What Is an Arcuate Scotoma and What Causes It?

An arcuate scotoma is a pattern of vision loss caused by damage to the eye’s structures. This defect is a localized area within the visual field where sight is diminished or entirely absent. Because the defect often avoids the absolute center of sight in its early stages, a person may not notice the vision loss initially, allowing the condition to progress silently. Understanding the precise shape and cause of this scotoma points directly to the location and nature of the disease affecting the optic nerve.

Defining the Arc-Shaped Blind Spot

The term “scotoma” refers to any blind spot or region of impaired sight in the visual field, while “arcuate” describes its characteristic bow or arch shape. This defect typically begins as a small, comma-shaped area of reduced vision near the eye’s natural blind spot (the optic nerve head). As damage advances, the scotoma extends in a curved line that arches above or below the horizontal midline of the visual field. It usually lies within 10 to 20 degrees from the point of focus, making it a paracentral defect initially.

The defect becomes wider and moves closer to the center of vision as it progresses toward the nasal side. A defining feature is that it strictly respects the horizontal midline, known anatomically as the nasal raphe. This dividing line marks where nerve fibers from the superior and inferior halves of the retina meet, and the defect will not cross this boundary. Full expansion connects the blind spot to the nasal horizontal meridian (sometimes called a Bjerrum scotoma).

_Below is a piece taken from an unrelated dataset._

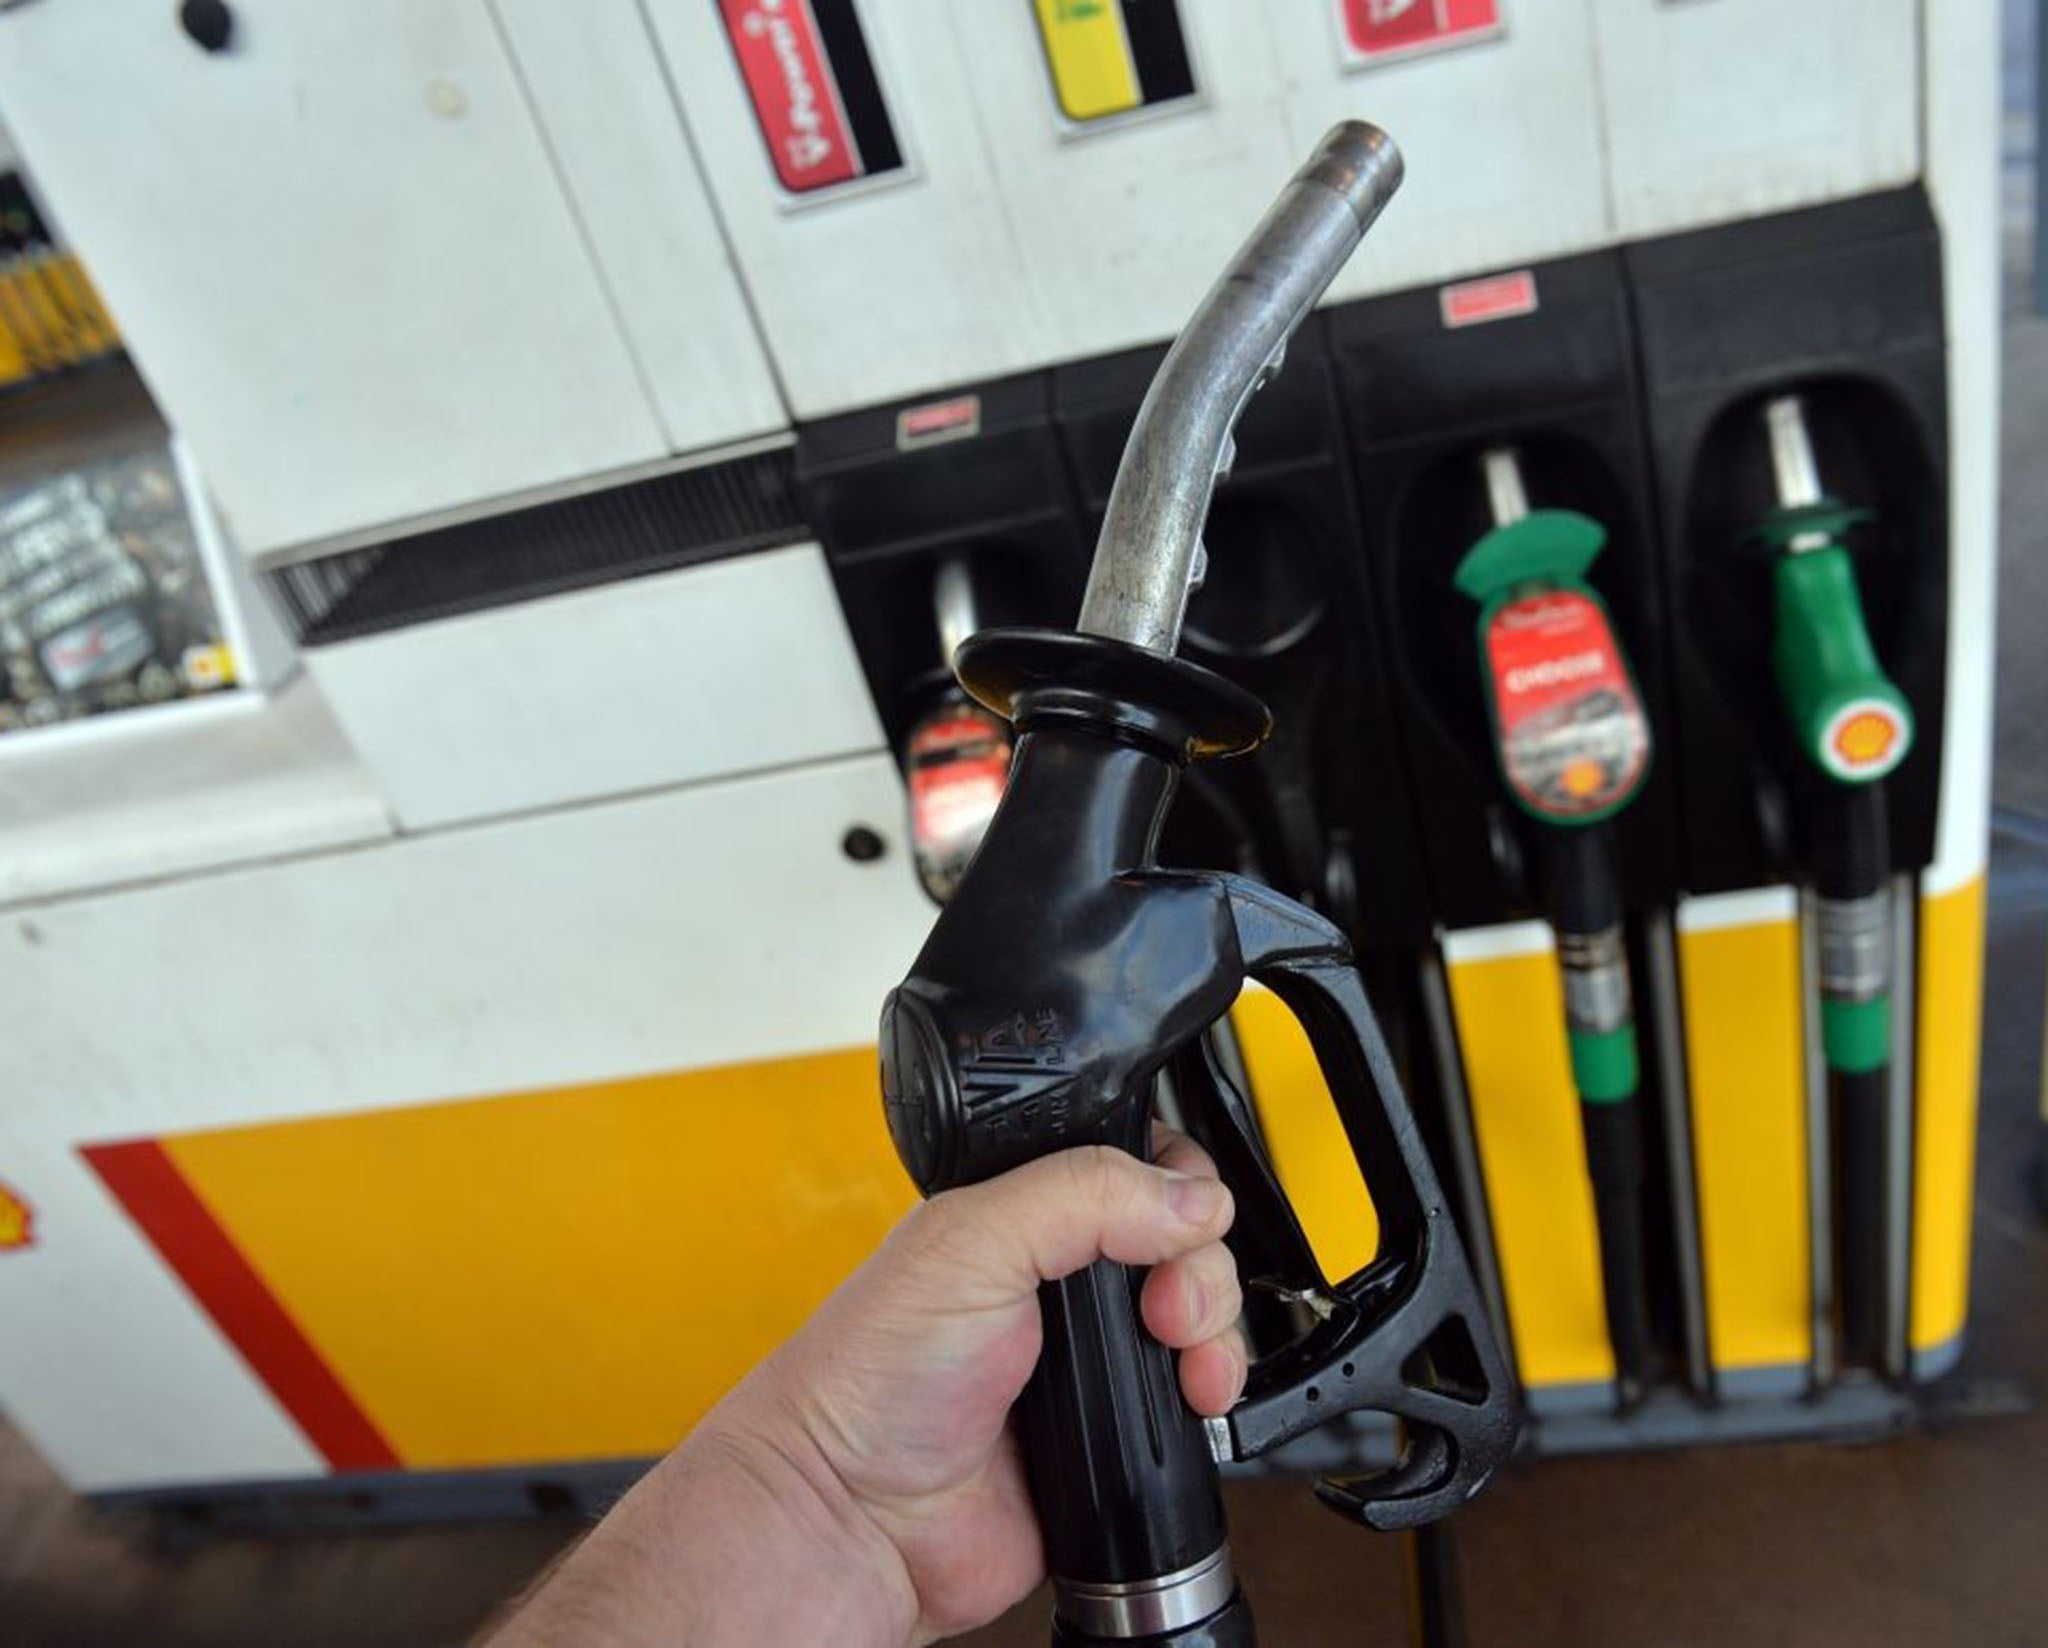 Petrol prices have fallen to an 11-year low

The Root Cause: Damage to the Optic Nerve

The unique arc shape of this visual field defect results directly from damage to the arcuate nerve fiber bundles. These bundles are composed of axons from retinal ganglion cells that sweep in an arching path from the retina toward the optic nerve head. When these specific nerve fibers are damaged, the corresponding visual field area loses its ability to transmit information to the brain, creating the arc-shaped gap.

Glaucoma and IOP

The primary cause of this nerve fiber damage is glaucoma, characterized by rising intraocular pressure (IOP). Sustained high IOP exerts mechanical stress on the optic nerve head, targeting the axons as they pass through the lamina cribrosa, a mesh-like structure. The arcuate nerve fibers, which enter the superior and inferior poles of the optic disc, are often the first affected, leading to the characteristic visual field loss.

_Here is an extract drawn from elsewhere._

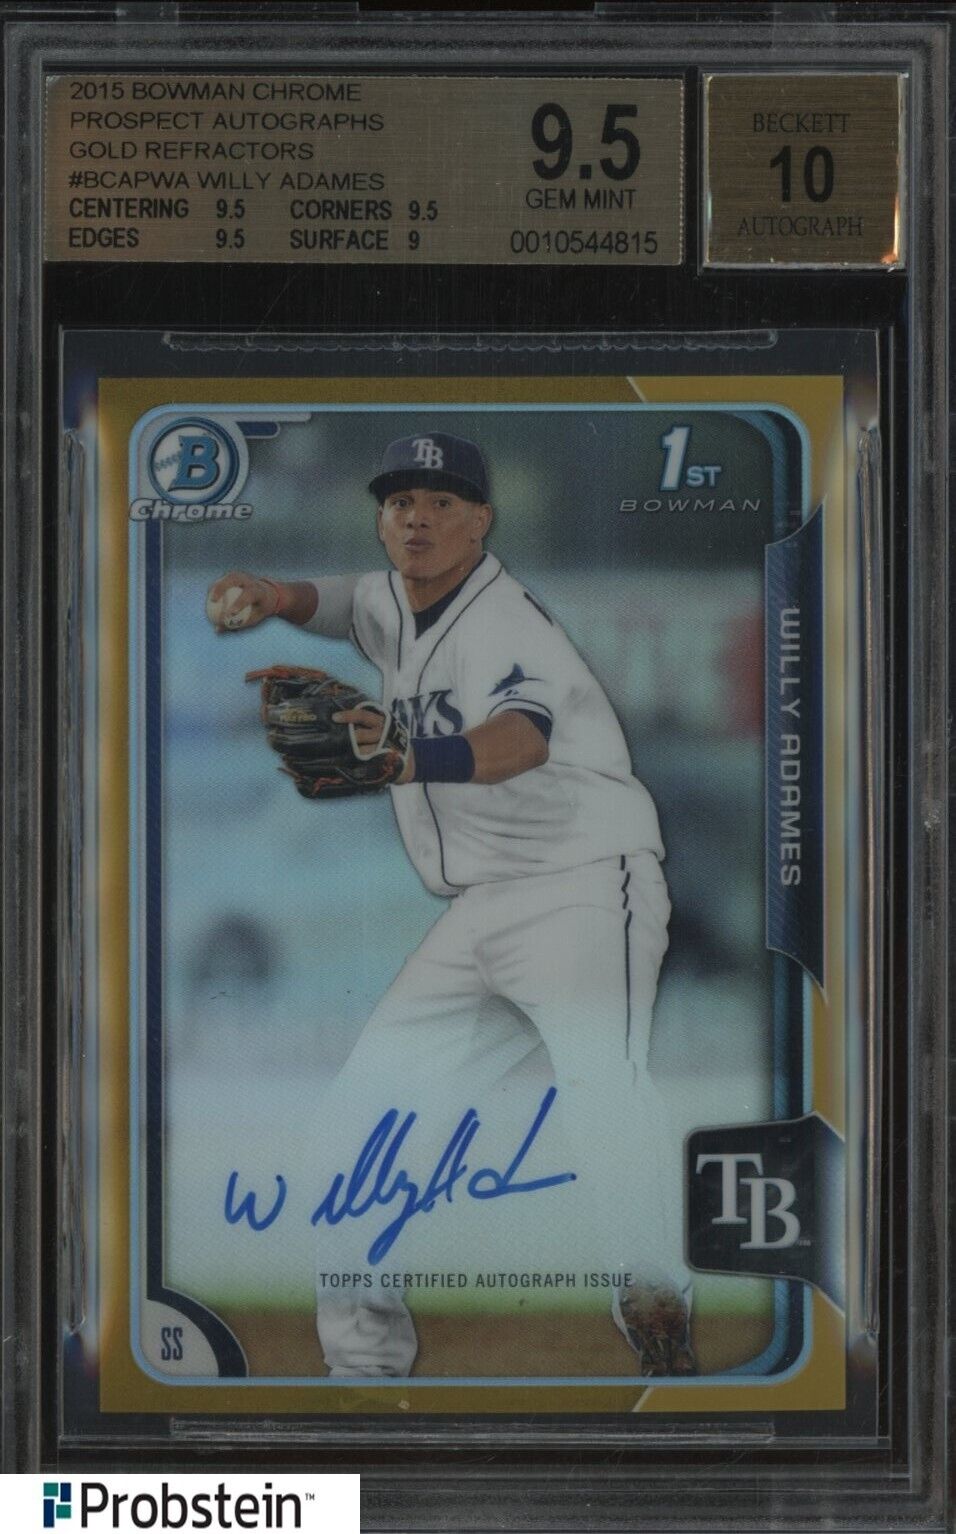 2015 Bowman Chrome Gold Refractor Willy Adames RC Rookie /50 BGS 9.5 w/ 10 AUTO

Vulnerability and Other Causes

The superior and inferior poles of the optic nerve head are vulnerable to compression, possibly because the pores in the lamina cribrosa are larger in these regions. As the disease advances, the initial relative loss deepens and can become a complete absence of vision. While glaucoma is the most common cause, similar arcuate defects can rarely occur due to other optic nerve diseases, such as ischemic optic neuropathy or optic disk drusen.

Clinical Detection Through Visual Field Mapping

Detecting and monitoring an arcuate scotoma relies on specialized functional testing that maps the patient’s visual field sensitivity. The standard method for this assessment is Perimetry, often performed using the Humphrey Visual Field Analyzer (HFA). During this test, the patient fixates on a central target while a machine projects brief, dim flashes of light at various locations within a bowl-shaped perimeter.

The patient presses a response button when they perceive a light, allowing the machine to determine the minimum brightness (threshold) required for vision at each tested point. The resulting printout maps these sensitivities, showing the arcuate scotoma as a clustered pattern of reduced sensitivity following the arc shape. The commonly used 24-2 test pattern detects most arcuate defects, but the 10-2 test may be used to map defects that have encroached closer to the central ten degrees of vision.

Structural imaging tests, such as Optical Coherence Tomography (OCT), provide a complementary view of the physical damage. OCT scans measure the thickness of the Retinal Nerve Fiber Layer (RNFL) and the Retinal Ganglion Cell (RGC) layer. A thin or damaged area in the RNFL that corresponds to the scotoma location on the perimetry map confirms the structural damage underlying the vision loss.

Management and Halting Progression

Since an arcuate scotoma represents damage that has already occurred, the goal of management is to treat the underlying disease to prevent further vision loss or expansion. For cases linked to glaucoma, treatment focuses on lowering the intraocular pressure (IOP) to a target level. Achieving a lower, sustained IOP reduces mechanical stress on the remaining optic nerve fibers, slowing or stopping disease progression.

Treatment Modalities

The initial therapy often involves prescription eye drops, which either improve fluid drainage or decrease fluid production. If drops are insufficient, laser procedures like Selective Laser Trabeculoplasty (SLT) can enhance the eye’s natural drainage system. If medical and laser treatments fail to achieve the target IOP and the visual field worsens, surgical options such as trabeculectomy may be necessary to create a new drainage channel.

Patients must understand that the damage causing the scotoma cannot typically be reversed, meaning the lost vision will not return. Consistent monitoring of the visual field and IOP is necessary to ensure the treatment regimen stabilizes the condition.